The Honourable judges gave due importance to the important factual findings recorded by
the Tribunal in this case are that it was the assessee who independently invested in the
purchase of new residential house.
Along with the name of his wife also and that it was the assessee who paid stamp duty and
corporation tax at the time of registration of the sale deed of the house so purchased and
has also paid commission and legal expenses in connection with the purchase of the house.
The Tribunal further records that whole of the purchase consideration has been paid by the
assessee and not even a single penny has been contributed by the wife in the purchase of
the house.
The Tribunal also noted the argument that the property was purchased by the assessee in
the joint names with his wife for 'shagun' purpose and because of the fact that the assessee
was physically handicapped.
Finally the Honourable judges of the High Court were of the view that the conditions
stipulated in section 54F stand fulfilled. It would be treated as the property purchased by the
assessee in his name and merely because he has included the name of his wife and the
property purchased in the joint names would not make any difference.
Such a condition has to be, rather, encouraged which gives empowerment to women. There
are various schemes floated by the Government itself permitting joint ownership with wife.
If the view of the Assessing Officer (AO) or the contention of the Revenue is accepted, it
would be a derogatory step. In conclusion although the judges gave their verdict in favour of
the assessee but still they made it clear that section 54F of the Act is the beneficial provision
which should be interpreted liberally in favour of the exemption/deduction to the tax payer
and deduction should not be denied on hyper technical ground.
The Andhra Pradesh High Court in the case of Late Mir Gulam Ali Khan v.
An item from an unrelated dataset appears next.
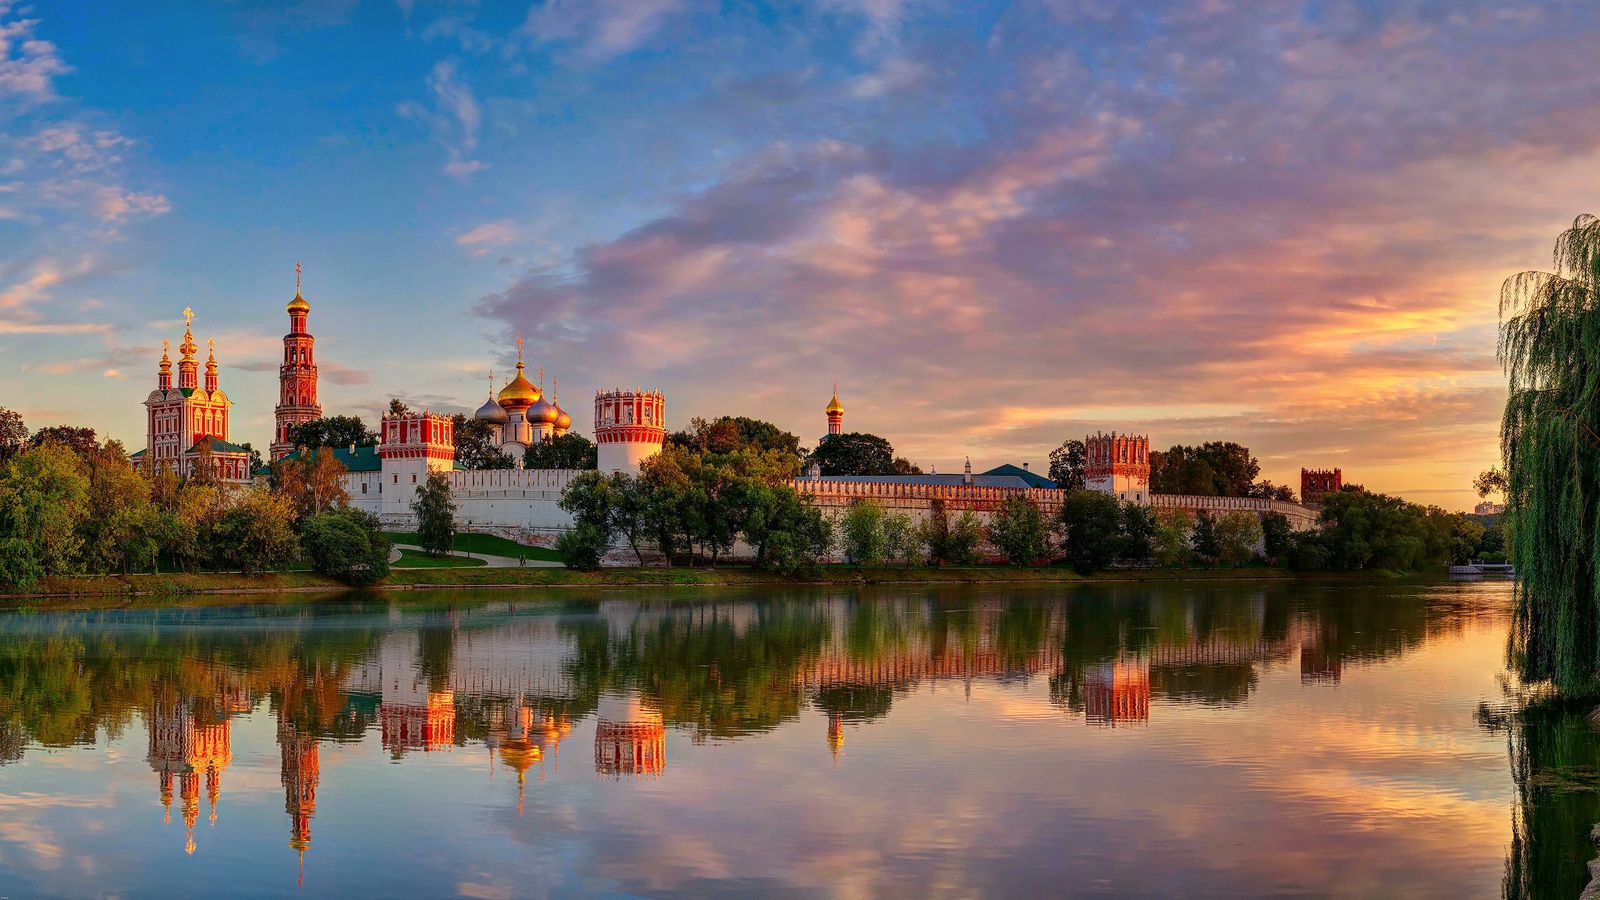 Download wallpaper 1600x900 moscow, novodevichy convent mother of god of smolensk, summer widescreen 16:9 HD background

CIT (1987) 165
ITR 228 (AP) has held that the object of granting exemption under section 54 of the Act is
that an assessee who sells a residential house for purchasing another house must be given
exemption so far as capital gains are concerned.

The word assessee must be given wide and liberal interpretation so as to include his legal
heirs also. There is no warrant for giving too strict an interpretation for the word assessee
as that would frustrate the object of granting exemption.
The above mentioned decision of the Honourable judges of the High Court with regard to
purchase of property in joint names of the assessee as well as his wife who had not
contributed to the purchase would be a guiding factor for such tax payers who have similar
type of situation in their practical life.
The Author is Tax and Investment Consultant at New Delhi for last over 40 years. He
is also the director of M/s. RN Lakhotia & Associates LLP & The Strategy Group.